What to work on –
With pictures removed, print the listing exactly.

Supplied material –
○ ○ ○ ○
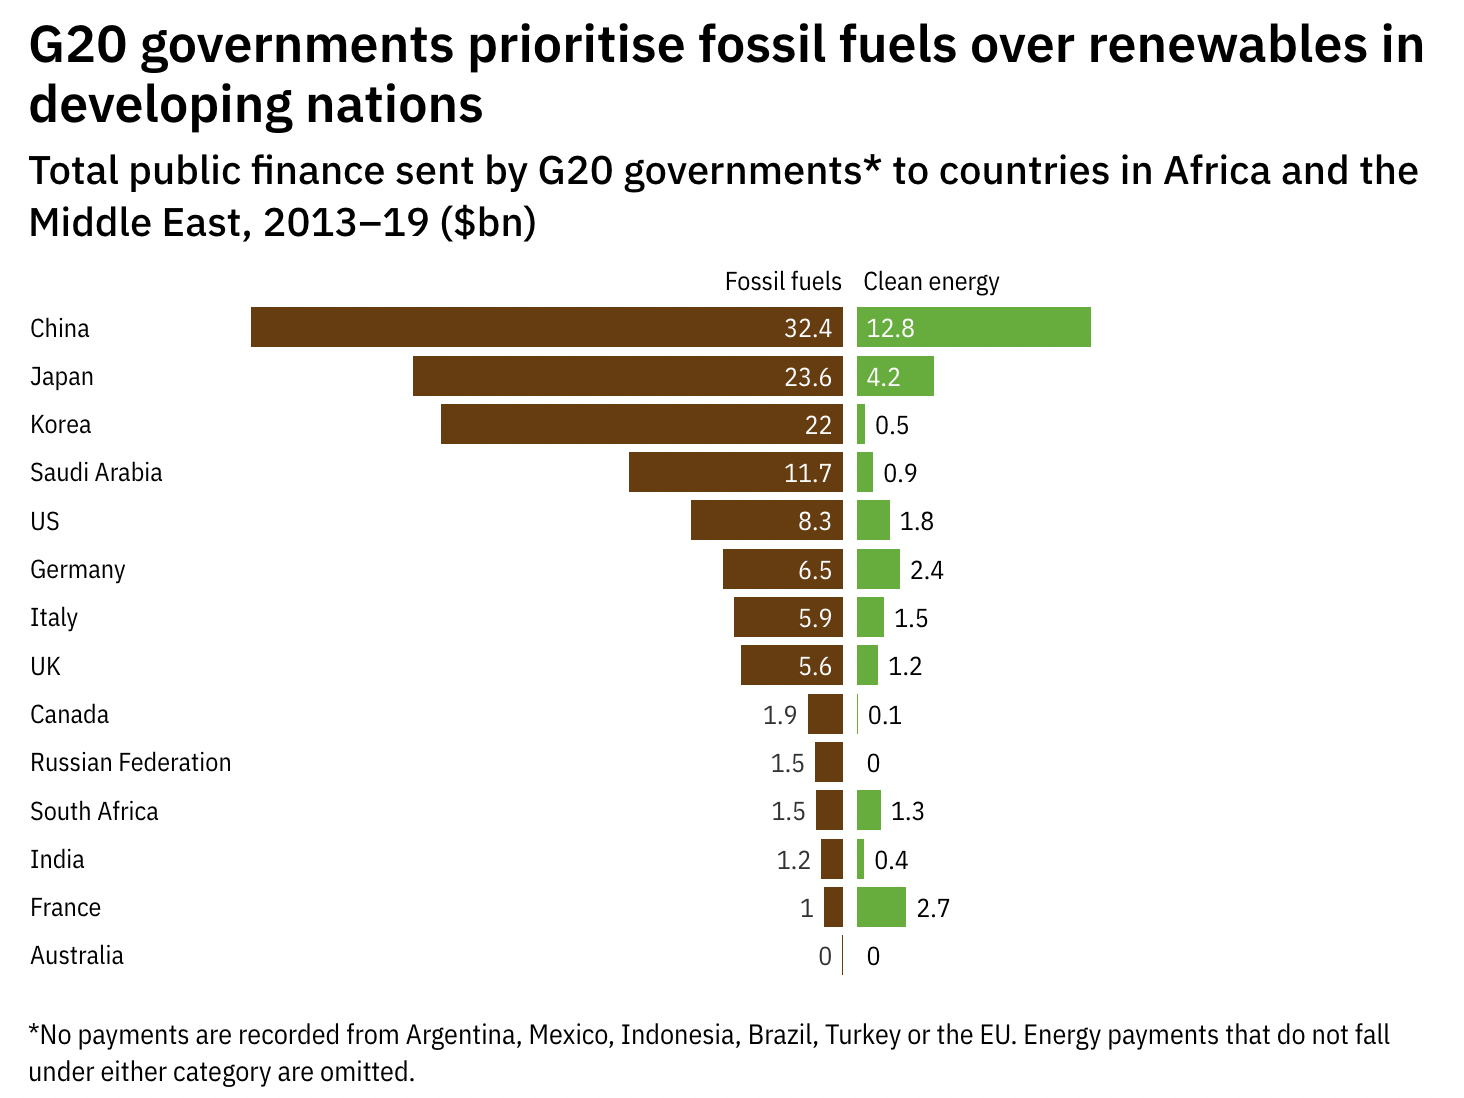 G20 funding in fossil fuels and renewal energy
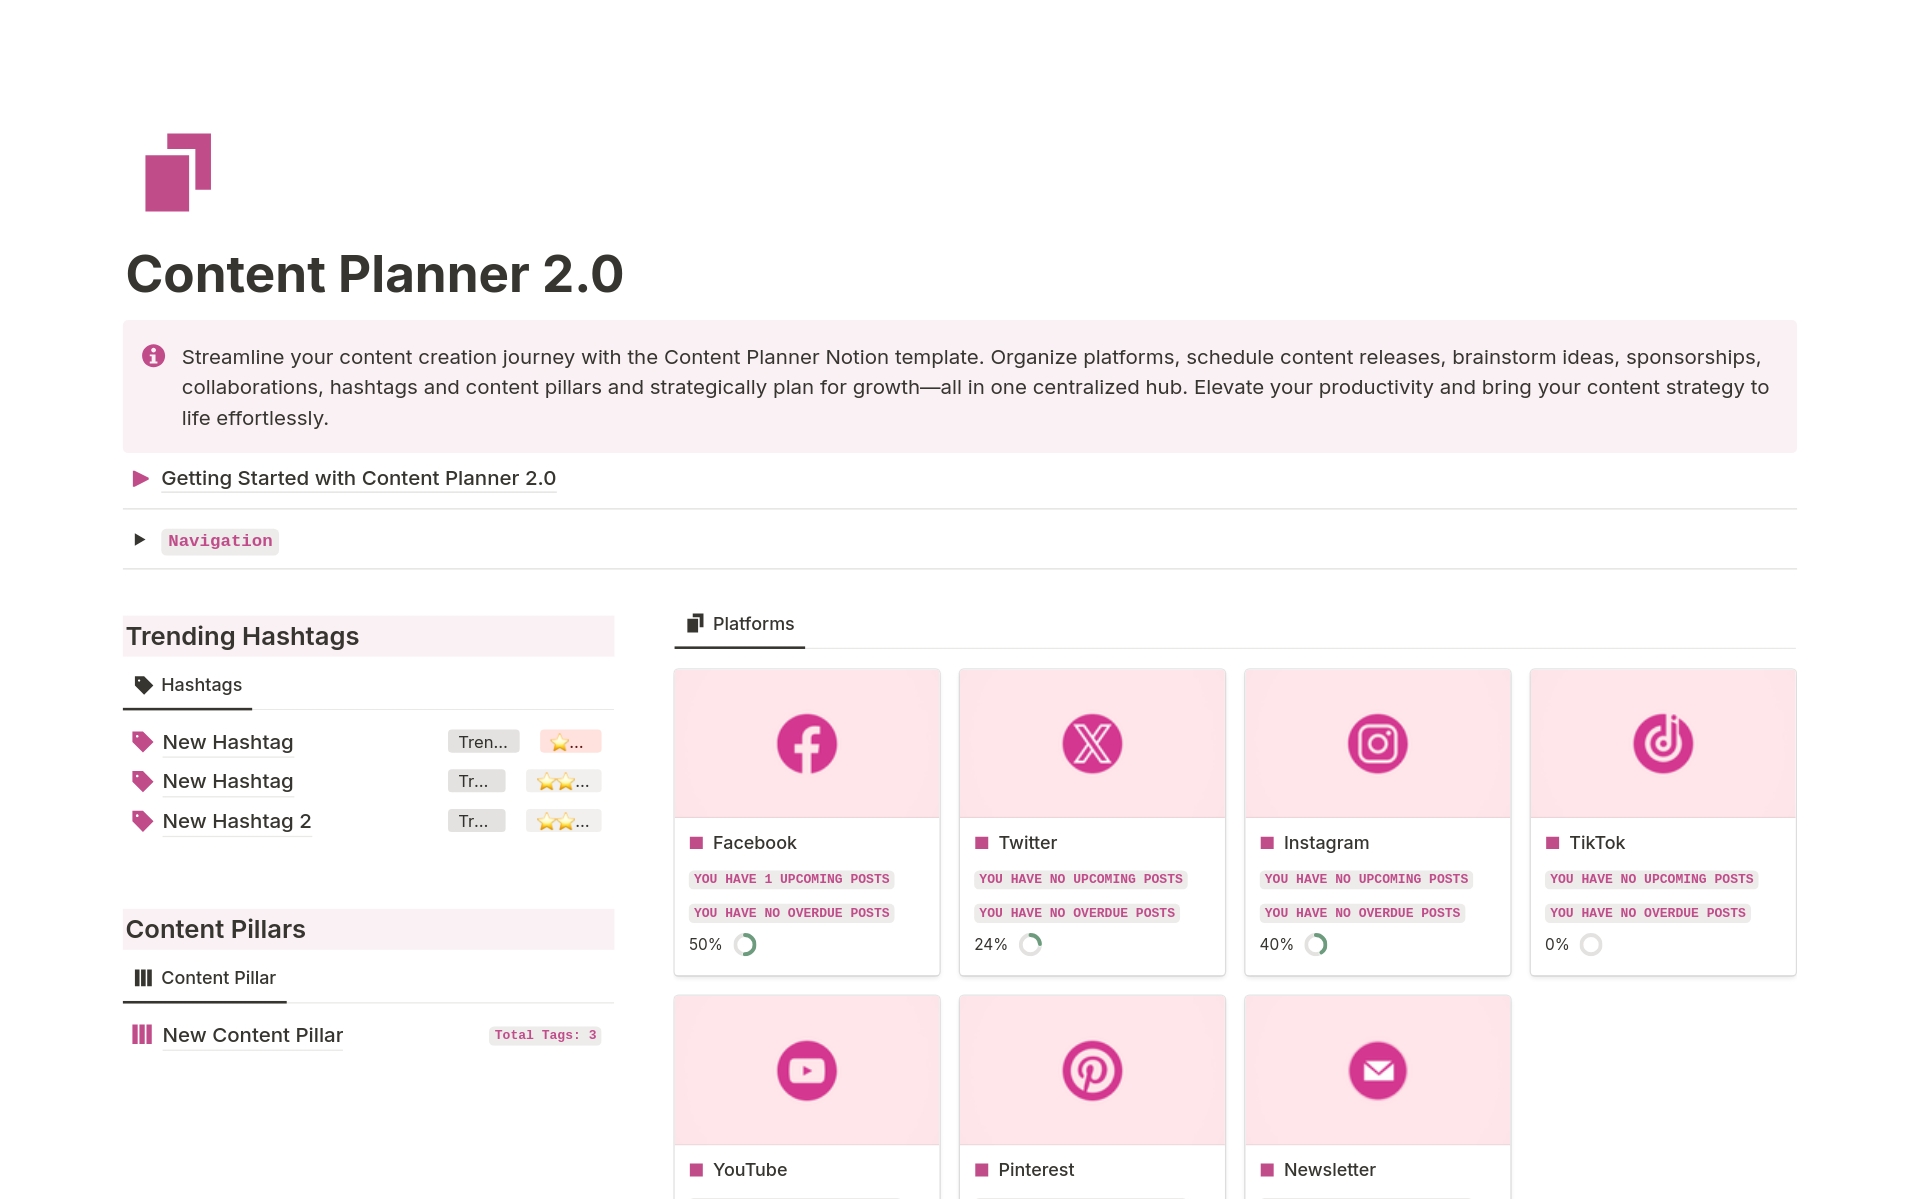 Streamline your content creation journey with the Content Planner Notion template. Organize platforms, schedule content releases, brainstorm ideas, sponsorships, collaborations, hashtags and content pillars and strategically plan for growth—all in one centralized hub. 
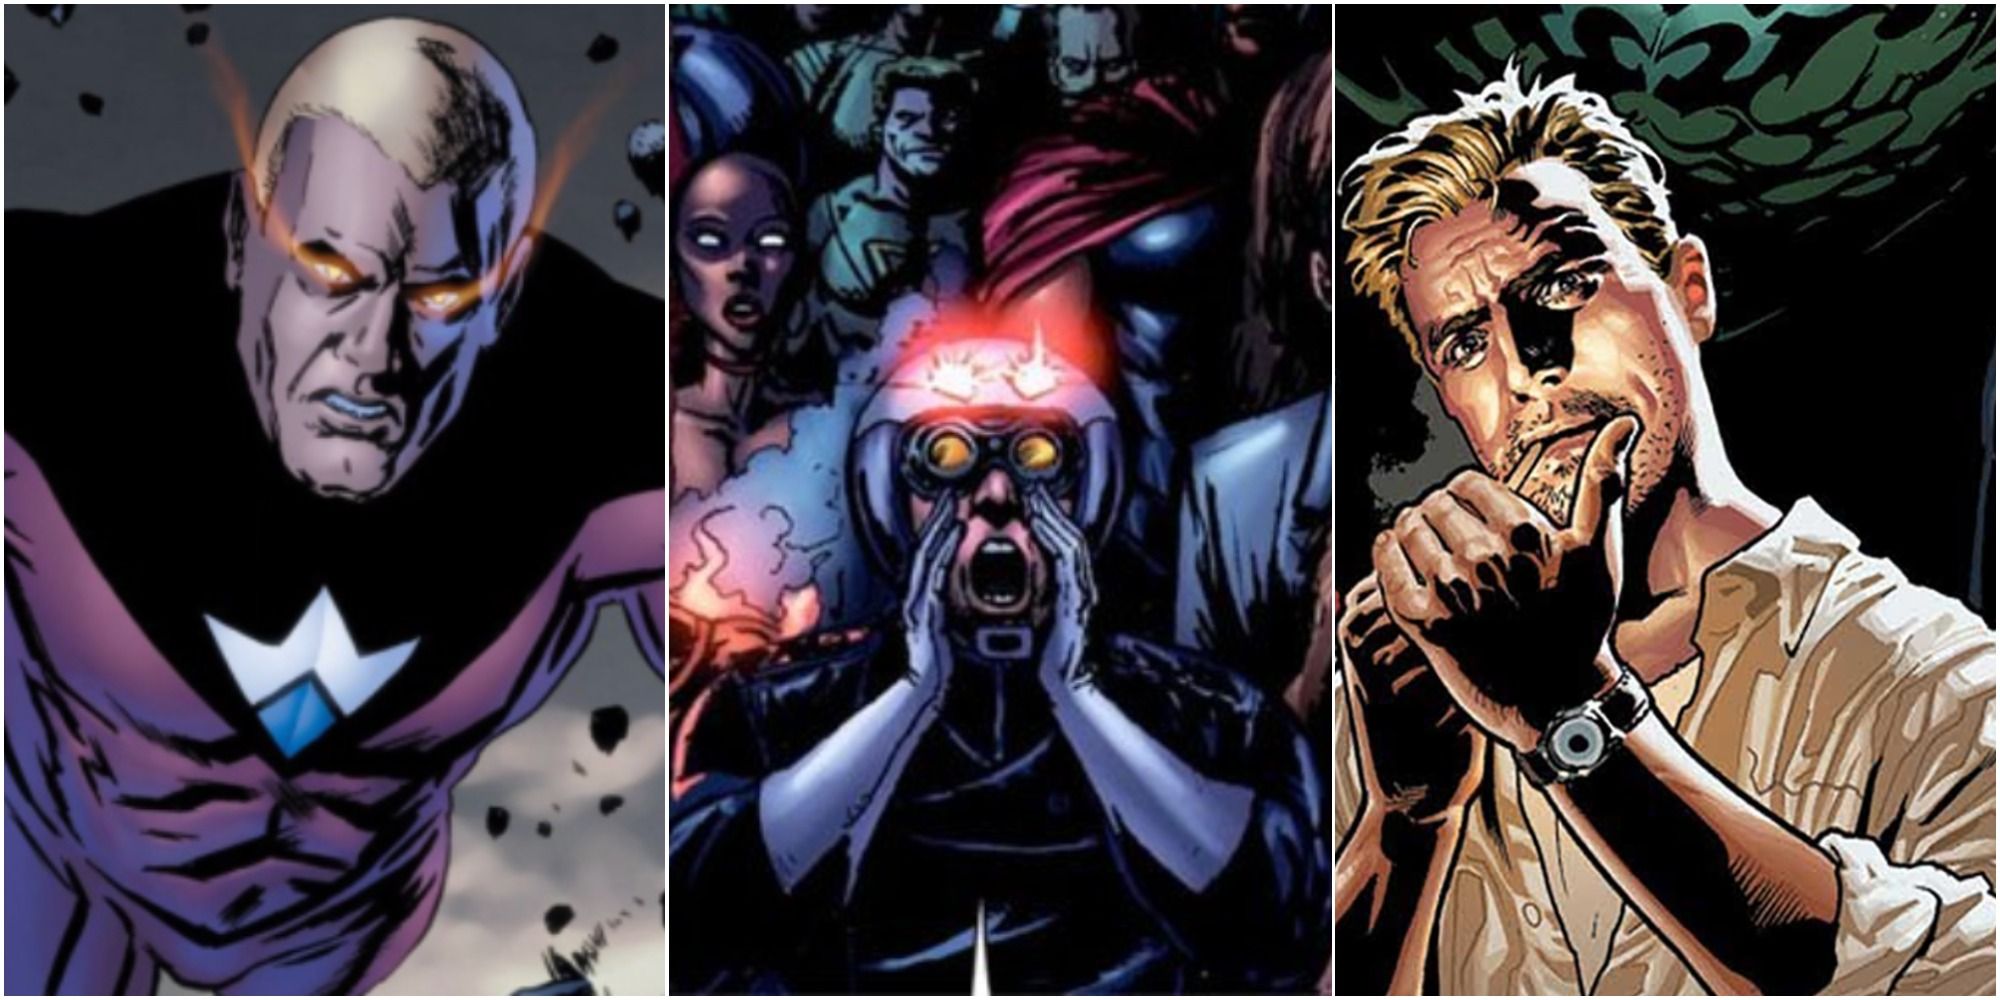 on the left is The Plutonian from Irredeemable, in the middle is Five-Oh from The Boys and on the right is John Constantine from Justice League Dark
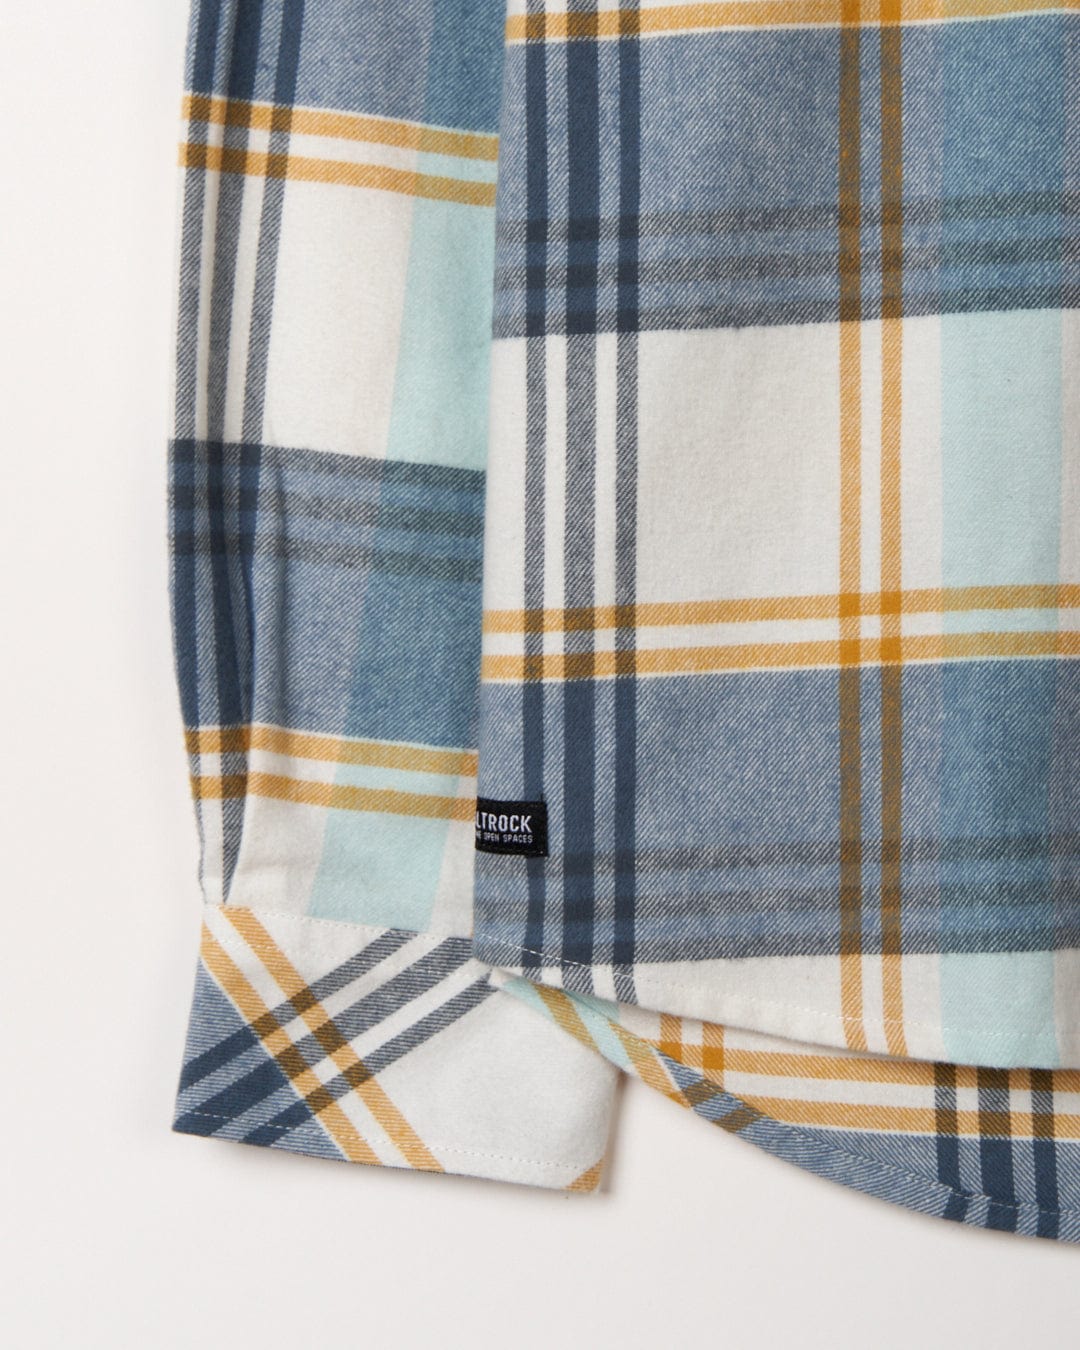 Plaid flannel fabric with a 'Miles' label on a white background.
○ ○ ○ ○
Reply to the exercise –
 G20 funding in fossil fuels and renewal energy
 Streamline your content creation journey with the Content Planner Notion template. Organize platforms, schedule content releases, brainstorm ideas, sponsorships, collaborations, hashtags and content pillars and strategically plan for growth—all in one centralized hub. 
 on the left is The Plutonian from Irredeemable, in the middle is Five-Oh from The Boys and on the right is John Constantine from Justice League Dark
 Plaid flannel fabric with a 'Miles' label on a white background.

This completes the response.